Telmatobius, Wiegmann, 1834

AMONGST TELMATOBIUS View in CoL

The divergence time estimated for the separation of the T. verrucosus group and the other species of Telmatobius included in this study is congruent with that of De la Riva et al. (2010), who proposed an ancient divergence between these groups and supported the forest origin of the Altiplano species proposed by Duellman (1979), Cei (1986), and Lynch (1986). Our results also show that the species of the T. marmoratus and T. hintoni Altiplano groups would have originat- ed during the Pleistocene, corroborating the suggestion of De la Riva et al. (2010). The species of the T. zapahuirensis group from the western slopes showed a temporal origin similar to the Altiplano groups, which would indicate that the differentiation processes of Telmatobius in the region occurred more or less simultaneously. Although the calibration method used in this study should be considered with caution for the estimation of divergence times amongst species, studies performed in the same area as our study on other taxa have also shown a Pleistocene origin of the species that inhabit the Altiplano. This is the case for snails of the genera Heleobia (0.8−0.28 Mya; Kroll et al., 2012) and Biomphalaria (0.84−0.28 Mya; Collado et al., 2011), and fishes of the genus Orestias (0.88−0.37 Mya; Lüssen, Falk & Villwok, 2003; Vila et al., 2013). Thus, although these taxa show different biogeographical histories to Telmatobius , they suggest that species of the Altiplano would have diversified at about the same time.

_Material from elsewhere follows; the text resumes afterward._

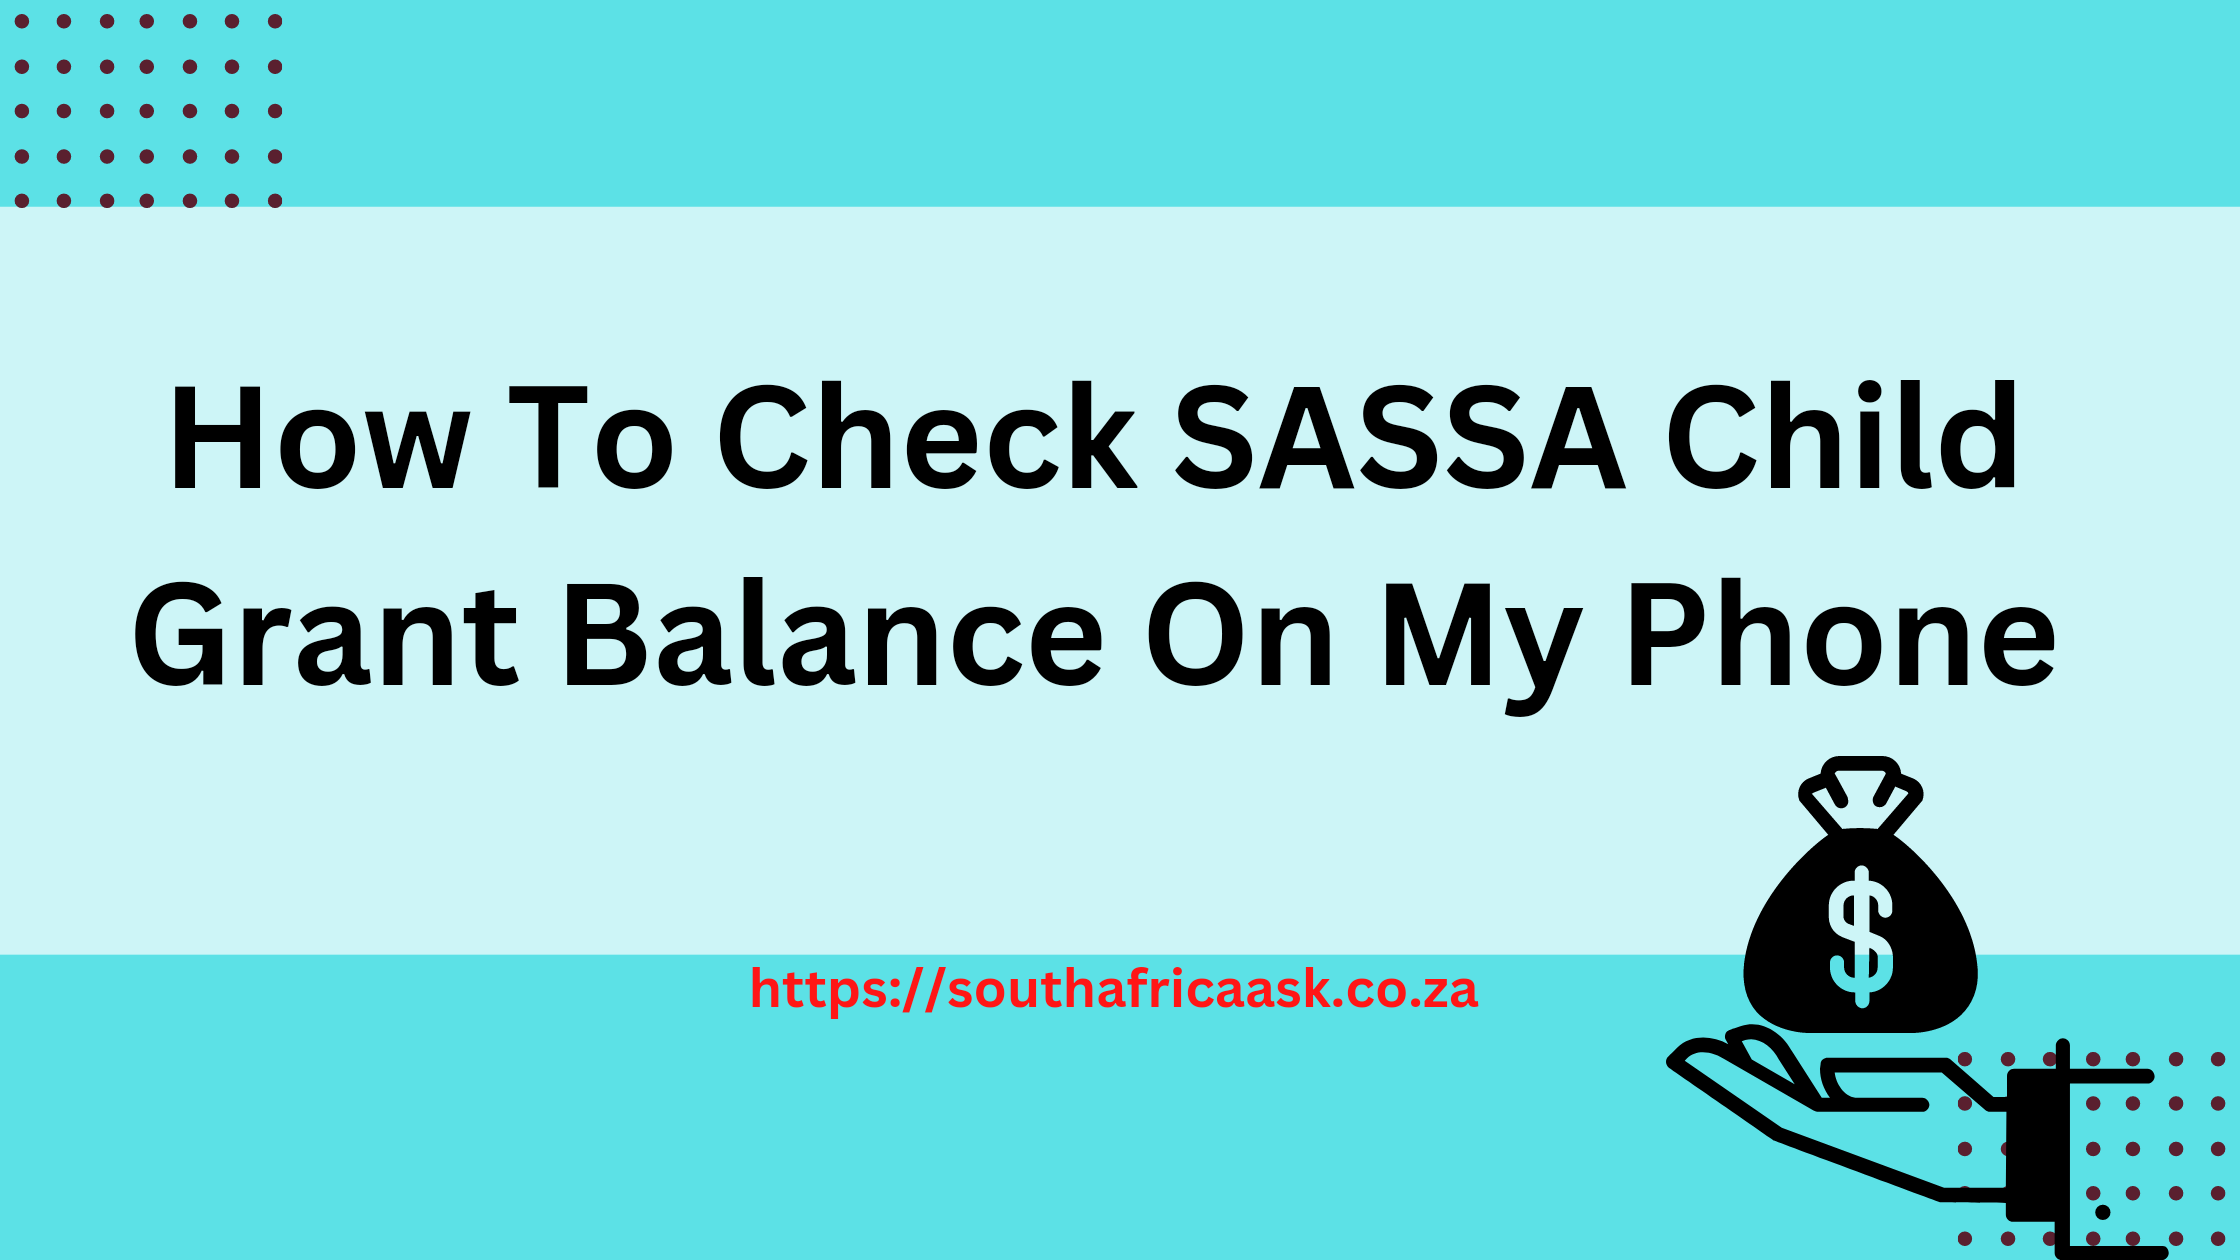 How To Check SASSA Child Grant Balance On My Phone

Vicariance has been proposed as the main process that generated the diversification of the fauna in the Altiplano region (e.g. Cei, 1986; Northcote, 2000; Lüssen et al., 2003; Vila et al., 2010, 2013; Collado et al., 2011), probably stimulated by processes such as the elevation of the central Andes ( Gregory-Wodzicki, 2000), climatic cycles in the last 0.9 Myr ( Potts & Behrensmeyer, 1992), intense volcanic activity ( Babeyko et al., 2002; Schmitt et al., 2002), and multiple cycles of palaeolakes that are thought to have occurred between 1.6 Mya (Mataro formation; Lavenú, 1995) and 13−11 Kya (formation of Coipasa; Placzek, Quade & Patchett, 2011). Comparing our results in Telmatobius with codistributed populations of fishes of the genus Orestias we observed a similar topological pattern ( Vila et al., 2013), suggesting that a similar vicariant speciation pattern also occurred in Telmatobius .

At a global level, freshwater species are considered to be amongst the most threatened ( Ricciardi & Rasmussen, 1999; Saunders, Meeuwig & Vincent, 2002). One of the main risks for species that inhabit these ecosystems in Chile is the decrease in the levels of water and the loss of aquatic systems, which is intensified by the growing pressure exerted on these systems by mining activities ( Keller & Soto, 1998; Vila, 2006; Vila et al., 2007; Morales, Vila & Poulin, 2011). In spite of this imminent threat, the conservation status of the majority of the Chilean species of Telmatobius has not been evaluated, placing them in the category of ‘Data Deficient’ because of the lack of information on their distribution and abundance of their populations. This study has revealed that the distribution of the Chilean species is greater than previously known. However, in the Altiplano and western Chilean slopes there are still unexplored areas where undescribed Telmatobius populations may exist. Therefore, further efforts are required for a better understanding of the diversity and evolution of these amphibians in the Andes.